> **Material provided**
---*---

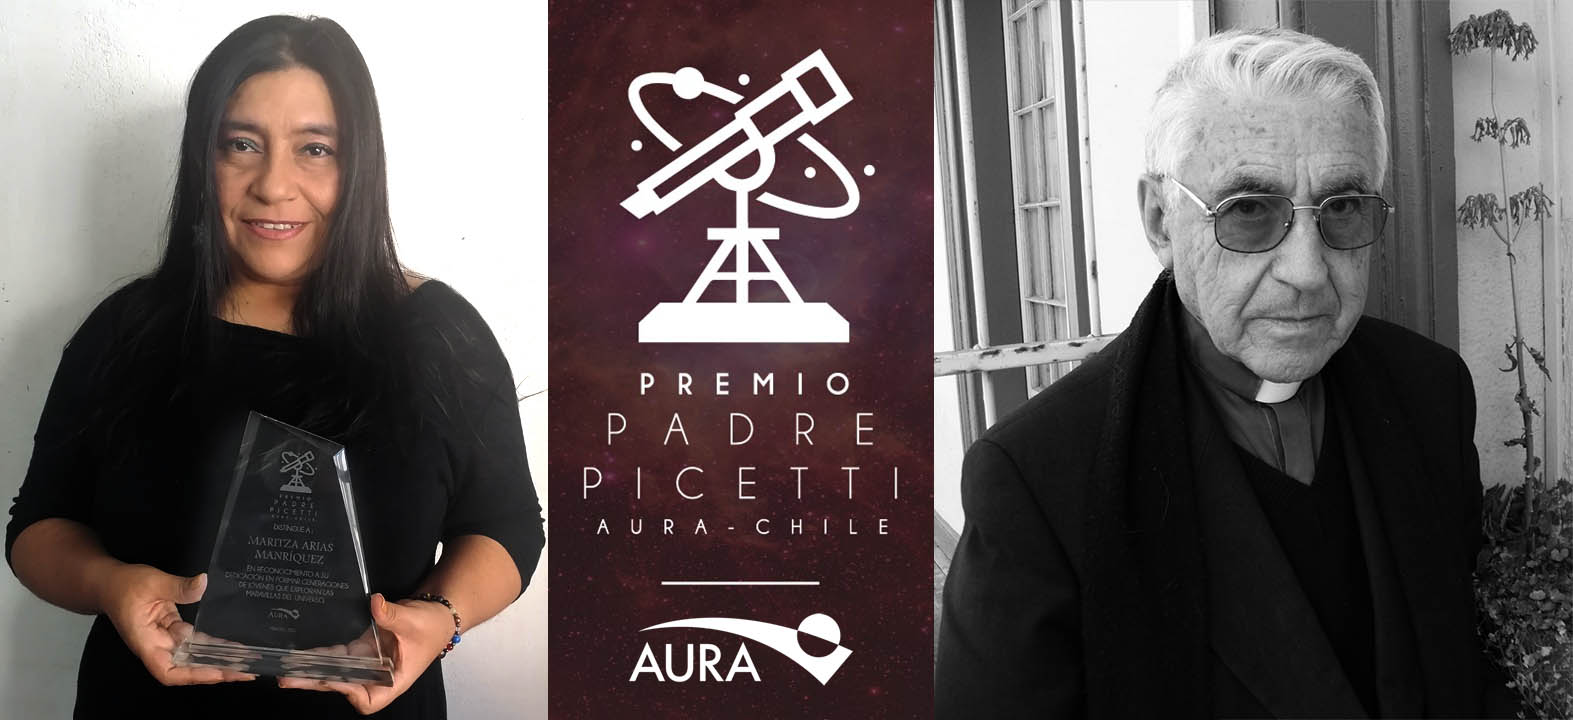 Award winner Maritza Arias from Vicuña holding her trophy (left) and Padre Picetti (right) with the Picetti Prize logo in the center
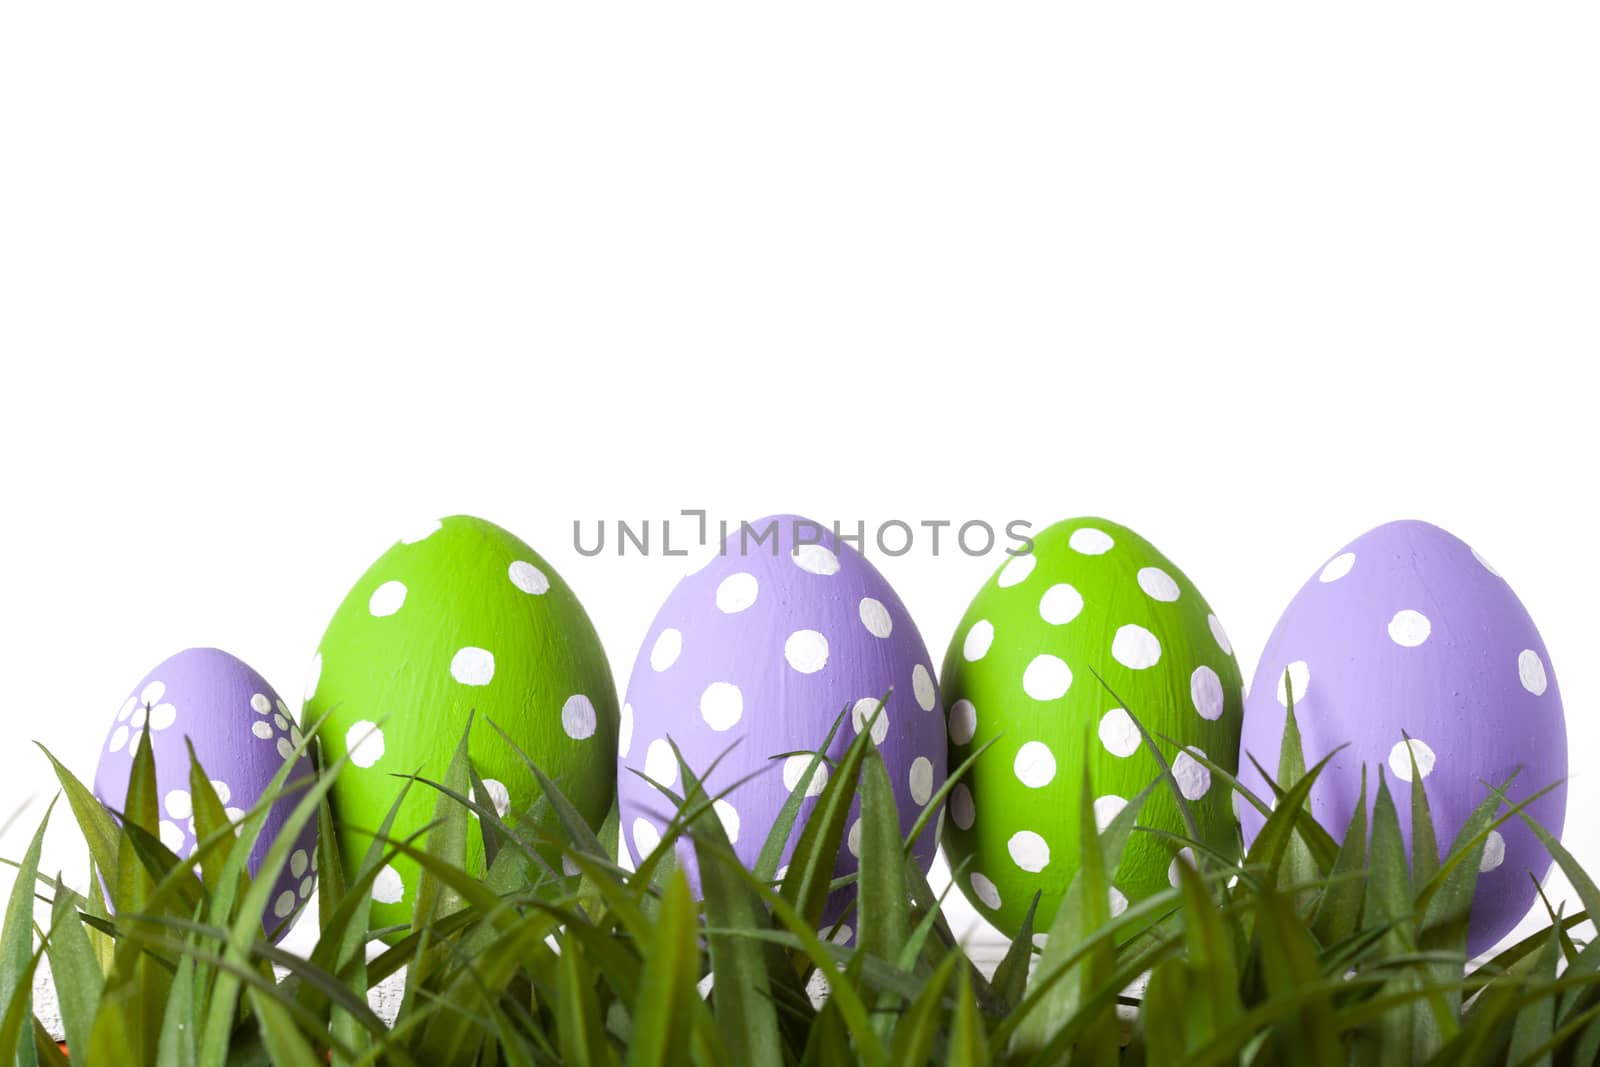 Row of Easter eggs in Fresh Green Grass by fotomaximum
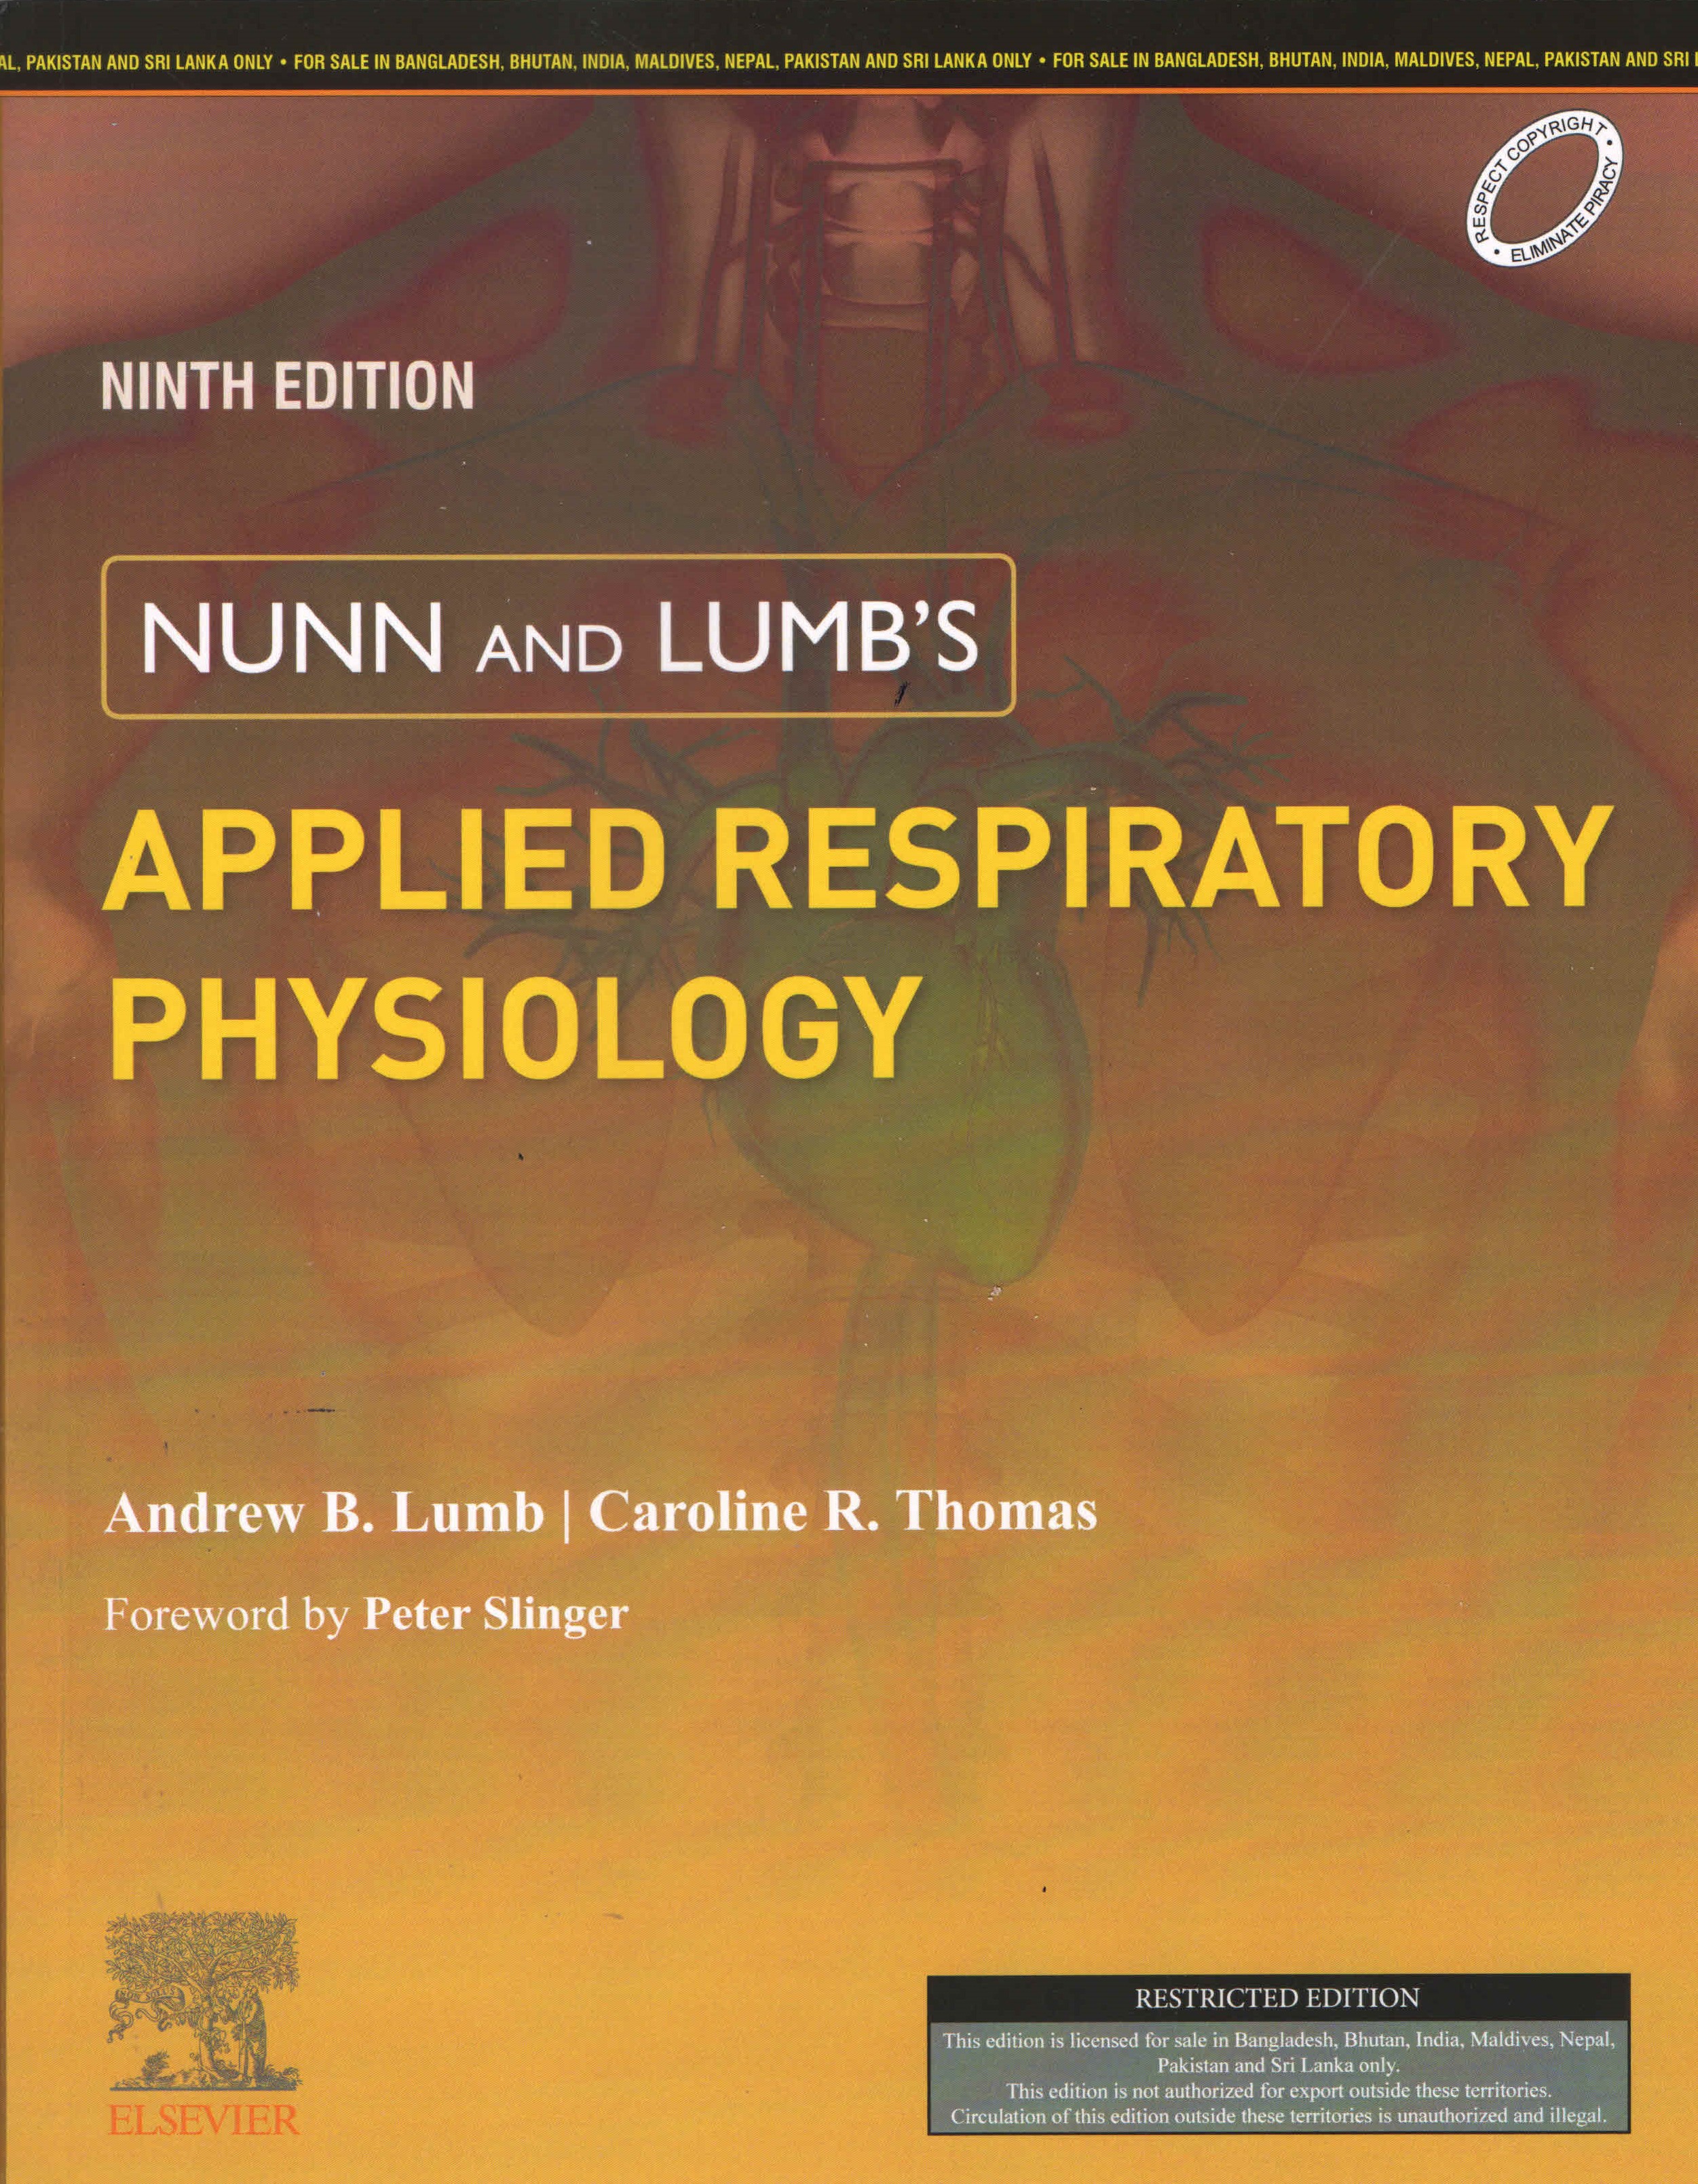 basic-sciences/physiology/nunn-and-lumb-s-applied-respiratory-physiology-9ed-9788131264607

---*---

> **What this task involves**
Repeat the material above in full and unchanged, minus its images.

> **Answer to this exercise**
 Award winner Maritza Arias from Vicuña holding her trophy (left) and Padre Picetti (right) with the Picetti Prize logo in the center
 Row of Easter eggs in Fresh Green Grass by fotomaximum
 basic-sciences/physiology/nunn-and-lumb-s-applied-respiratory-physiology-9ed-9788131264607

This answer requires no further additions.